Walking amidst the rubble,

a mother wails.

The bloodied rags that once clothed her six year old daughter reeks of caked blood,
stale urine,

death.

Walking amidst the rubble,

a father weeps.

The shelling reducing the home to bits of this and bits of that,
burnt flesh,
charred memories,

death.

Walking in Gaza,

amidst the smouldering school,

the bombed – out hospital,

the blood running into the sewers,

now clogged with emptiness.

Walking in Gaza,

amidst the savage fallout,

in – between the mangled homes,

the shuttered bazaars,

Hope lives.

Hope breathes.

Hope soars.

Walking in Gaza,

the resistance to tyranny holds firm,

as it has,

as it always will,

as it always must!

Amandla Intifada!

The struggles continue…

So, if you want to really know,
what a mother’s agonised scream sounds like,

take a walk in Gaza today,

she will bear her broken heart,
as she bore the coffin that held her 11 month old child’s body,
as it lay lifelessly broken and torn apart.

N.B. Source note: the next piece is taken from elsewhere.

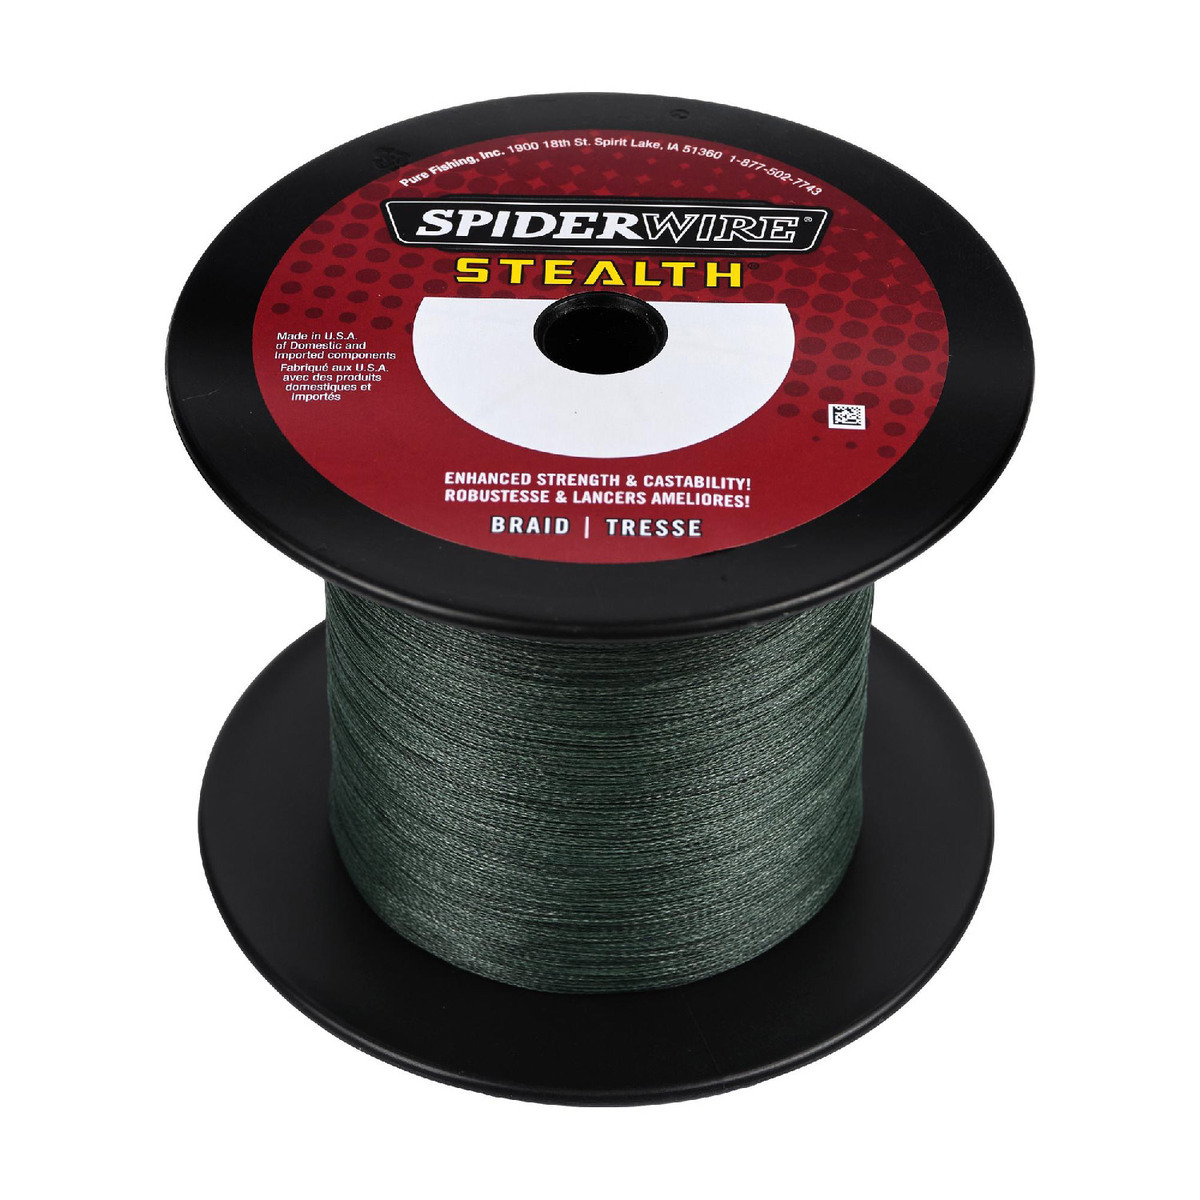 SpiderWire Stealth Braided Fishing Line - 100lb, Moss Green, 500yds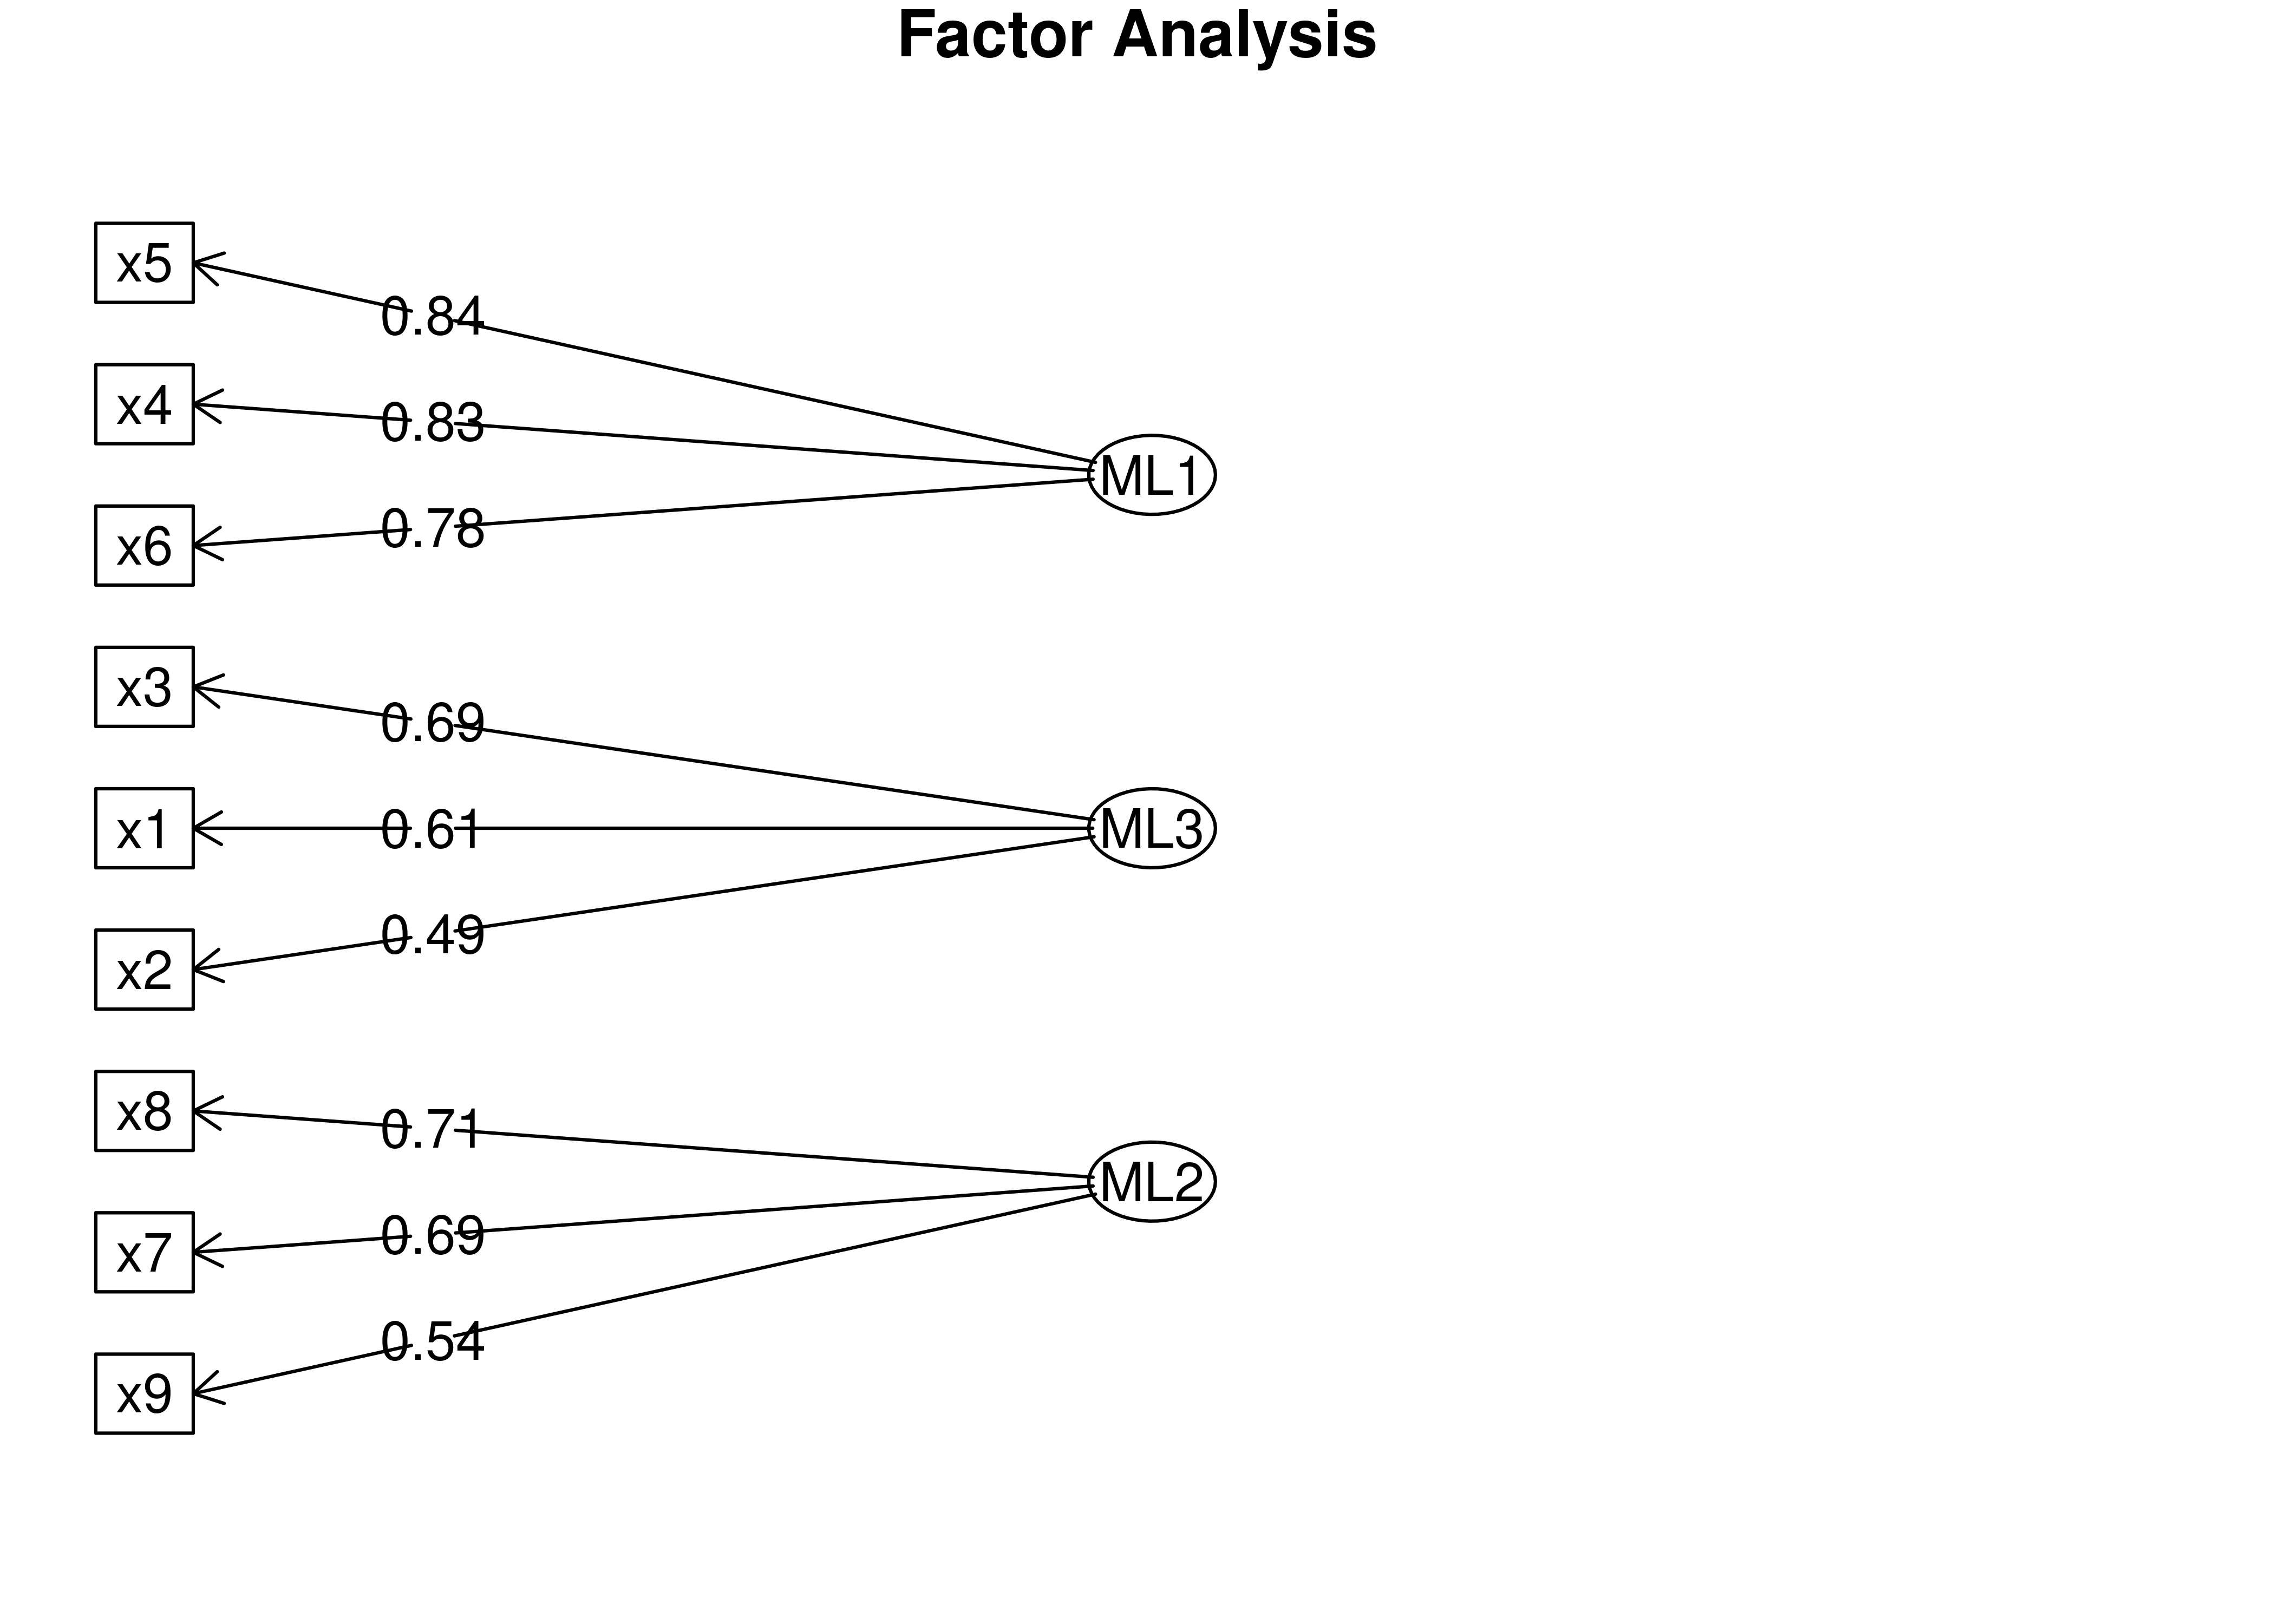 Factor Diagram With Orthogonal Rotation in Exploratory Factor Analysis.

The mother screams in anger and in pain,
her howls and shrieks echo on the bloodied plain,

so take a walk in Gaza today,

and feel the rage that a mother nurses,
and bear the brunt of a mother’s curses.

You see, she laid her little baby in the cold, blood-soaked ground,

while you diplomats and peacemakers and politicians were buzzing around,

so stop buzzing,

and take a walk in Gaza today,

and for once,

for once,
listen to what a mother has to say,

“they’ve rained down death on us for years,
they’ve torched our olive groves while you have shut your collective ears,

they’ve killed our children over and over and over again,
and we’ve cried oceans of tears that have disappeared down the drain,

so tell me as I cradle my dead baby in my hand,

who gives a damn?”.

This is what you will hear when you walk in Gaza today.

It is what you have heard for years and years now,

and all I can think as I write these words is ‘how?’,

how could you fail,
you peacemakers and diplomats and politicians,

how could you fail the mothers of Gaza,
over and over and over again,

is it because Gaza’s mothers’ tears are forgotten,

because they simply disappear down the drain.

And how can you not stem that ocean of tears,

cried by countless mothers,
and fathers,
and children whose eyes are blinded by inexpressible pain,
and whose days are haunted, not by phantoms,
but by living fears.

So can you take a walk in Gaza today?

and what possibly could you have to say?

to the numberless mothers who have cried oceans of tears,

again and again and again,

or are Gaza’s mothers’ tears forgotten,

because they simply disappear down the drain.